Consider these issues:

  1. Explicit payments appeal to a smaller percentage of users than services subsidized. The entitlement generation expects online to be free. To get traffic, subsidies, third party payers, or grants are more desirable than trying to get Tom or Tammy User to fork over their credit card for periodic billing.
  2. Once a revenue source has been sucked dry, another must be found. The costs of competing where large data flows exist have to be supported by multiple financial tactics; that is, pay for traffic, outright subsidies from government agencies wanting access to the data, subscriptions, license deals, kick backs, etc.
  3. Scale combined with cost control, if effectively implemented, will generate a monopoly.

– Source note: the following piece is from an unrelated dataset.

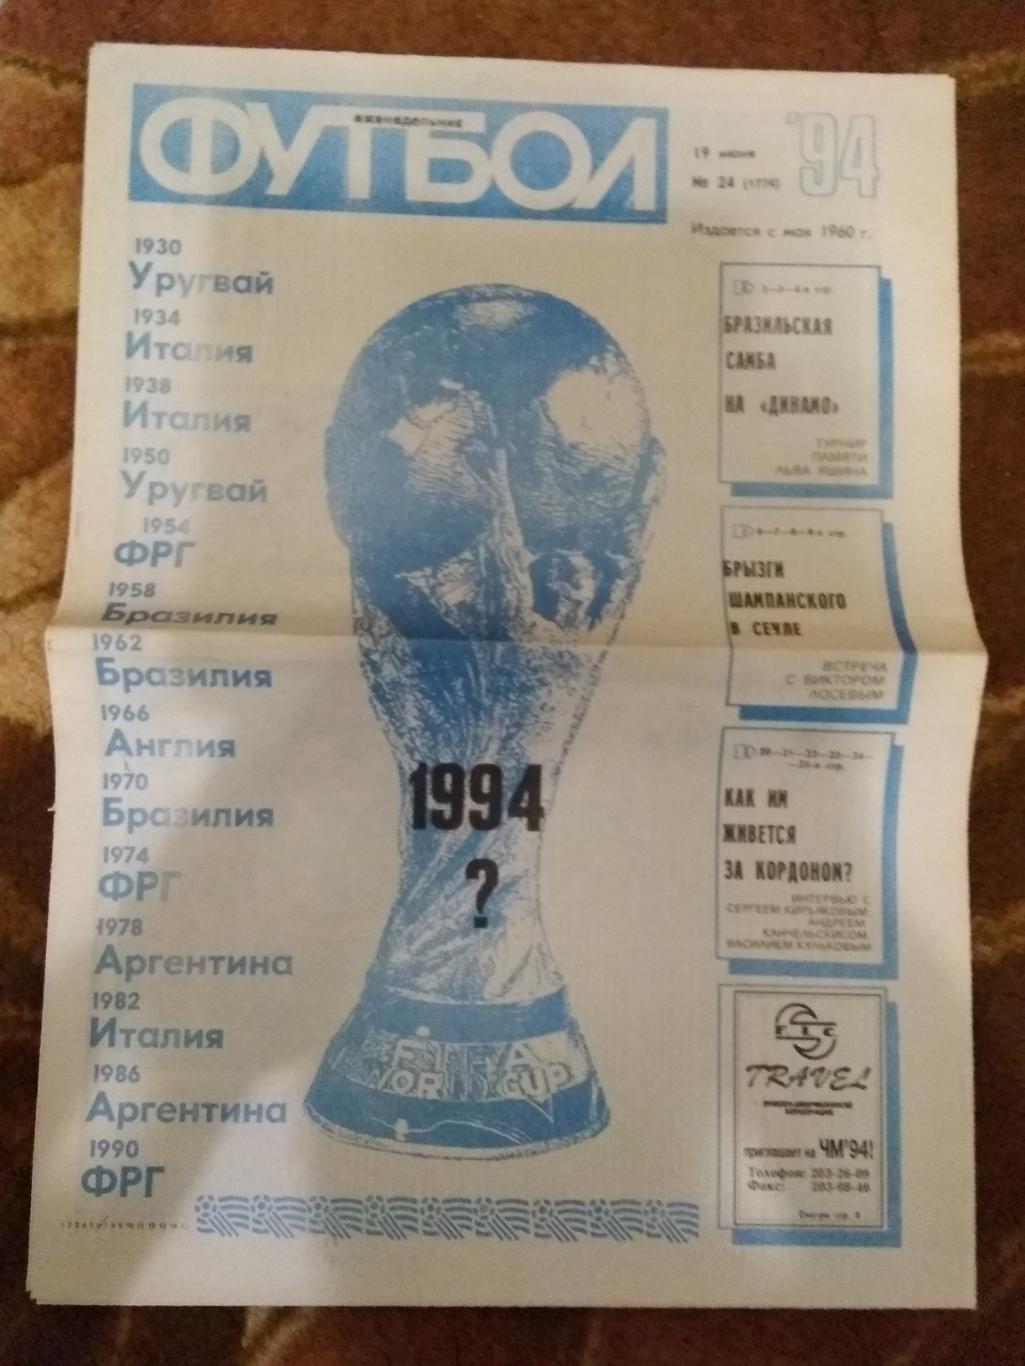 Футбол № 24 1994 г. (ЧМ США).

Once a monopoly is achieved, new monetization options become available to the dominant. These range from certification fees for developers to a stake in the newcomer’s business, among others.

Are these “all” advertising? Well, let’s define advertising. Then let’s disclose our biases and agendas. Unfortunately, I don’t think in this cage match that will happen. Webified arguments have to be short and sweet, chopped up and processed to be easily and quickly digested. William James’s essays would not be too popular if here were alive and publishing a pragmatism Web log.

I look forward to the next online revenue cage match. Too bad this week’s installment was quite time. Perhaps there should be a 12 week training venue with intermediate matches to weed out those who don’t have enough muscle and bone to make the battle one for a pay per view channel. The Lawrence Welk reruns on PBS are more exciting than this week’s scuffle. Let’s raise the stakes. Maybe the participants should pay an entrance fee? Would this be advertising?

Stephen Arnold, March 29, 2009

Comments

One Response to “More Online Advertising Deep, Deep Thinking”

  1. Online Advertising on April 4th, 2009 12:03 pm

    When compared to traditional advertising it becomes obvious the objective of marketing.

    Marketing is not what generates a sale or closes the sale. Marketing in any business is to attract a potential customer.

    It is the responsibility of the business, be it bricks and mortar or online to close and complete the sale.

    So the question is, will advertising decline? Well to answer that question then simply ask yourself, does your business still need a flow of potential customers?

    If there is a replacement for advertising, online or offline, then maybe.

    Sure businesses have tighter budgets now, but should they increase their potential customer flow or let it dwindle in times of recession?

    Simple answer, never let the customer flows dwindle. Cutting costs and expenses is important when revenue drops, but cutting expenses will not cause revenues to increase. Only increasing customer flow or web traffic will.

    Cost per click and Cost Per Action Online Advertising is a wiser investment now more than ever as businesses begin to measure the quality of marketing efforts and the ROI.